As a method for managing power consumption of a hearing aid device, another embodiment of the invention includes at least the acts of: monitoring at least one signal characteristic for a sound signal picked-up by the hearing aid device; and switching between a normal power mode and a reduced power mode for the hearing aid device in accordance with the at least one signal characteristic for the sound signal.

As a hearing aid device, one embodiment of the invention includes at least: a microphone for picking up a sound signal, signal processing circuitry operatively connected to said microphone, a mode control circuit operatively connected to said signal processing circuitry, and an output device. The signal processing circuitry operates to process the sound signal to produce a modified sound signal. The signal processing circuitry also operates in a normal mode or a reduced power mode. The mode control circuit controls whether the signal processing circuitry operates in the normal mode or the reduced power mode.

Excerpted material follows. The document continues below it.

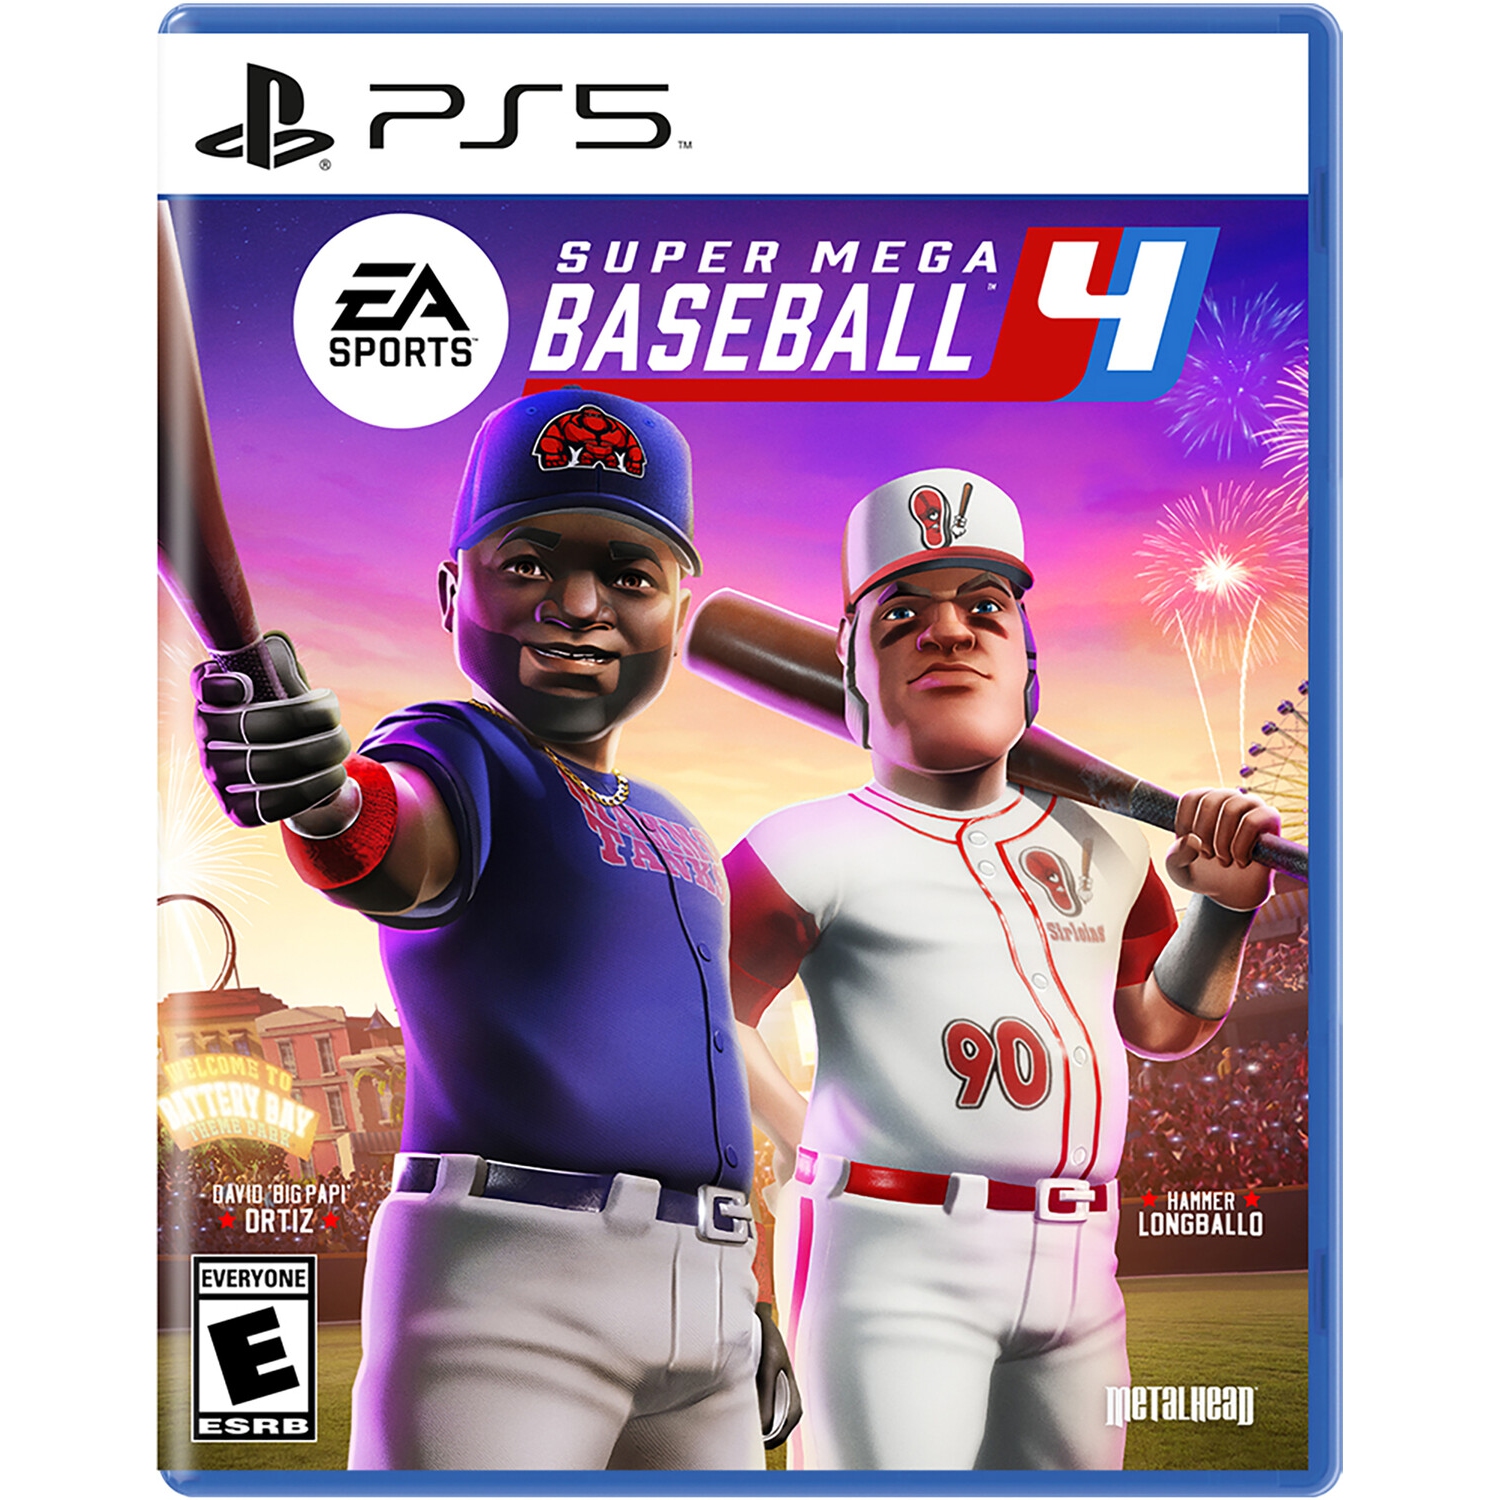 Super Mega Baseball 4 for PlayStation 5 [VIDEOGAMES]

The output device produces an output sound in accordance with the modified sound signal.

Other aspects and advantages of the invention will become apparent from the following detailed description taken in conjunction with the accompanying drawings which illustrate, by way of example, the principles of the invention.

BRIEF DESCRIPTION OF THE DRAWINGS

The invention will be readily understood by the following detailed description in conjunction with the accompanying drawings, wherein like reference numerals designate like structural elements, and in which:

FIG. 1 is a flow diagram of power management processing according to one embodiment of the invention;

FIG. 2 is a block diagram of a power-managed hearing aid device according to one embodiment of the invention;

FIG. 3 indicates three modes of operation for signal processing circuitry of a power-managed hearing aid device according to one embodiment of the invention;

FIG. 4 is a block diagram of a mode control circuit according to one embodiment of the invention;

FIG. 5 is a block diagram of a mode controller according to one embodiment of the invention;

FIG. 6 is a block diagram of a mode controller according to another embodiment of the invention;

FIG. 7 is a block diagram of a mode controller according to still another embodiment of the invention;

FIG. 8 is a graphical representation of the mode control signal transitions as provided by the embodiments of the mode controller shown in FIGS. 6 and 7;

FIG. 9 is a block diagram of a maximum estimate unit according to one embodiment of the invention; and

FIG. 10 is a block diagram of a minimum estimate unit according to another embodiment of the invention.

DETAILED DESCRIPTION OF THE INVENTION

The invention relates to improved approaches to reducing power consumption in hearing aids. According to one aspect of the invention, hearing aids (namely, one or more components thereof are able to be operated in different operational modes--at least one of which is a power saving mode. According to another aspect of the invention, intelligent switching between the operational modes of a hearing aid is performed to reduce power consumption when appropriate. The invention thus enables a hearing aid to yield not only high quality sound output but also extended battery life.

Embodiments of the invention are discussed below with reference to FIGS. 1-10. However, those skilled in the art will readily appreciate that the detailed description given herein with respect to these figures is for explanatory purposes as the invention extends beyond these limited embodiments.

FIG. 1 is a flow diagram of power management processing 100 according to one embodiment of the invention. The power management processing 100 operates to reduce power consumption for a hearing aid device. The reduction in power consumption is achieved by switching the hearing aid between a normal processing mode and a sleep mode. The sleep mode can also be referred to as a standby mode or reduced power mode. By placing the hearing aid device in the sleep mode at appropriate times, the power management processing 100 is able to significantly prolong battery life for the hearing aid device.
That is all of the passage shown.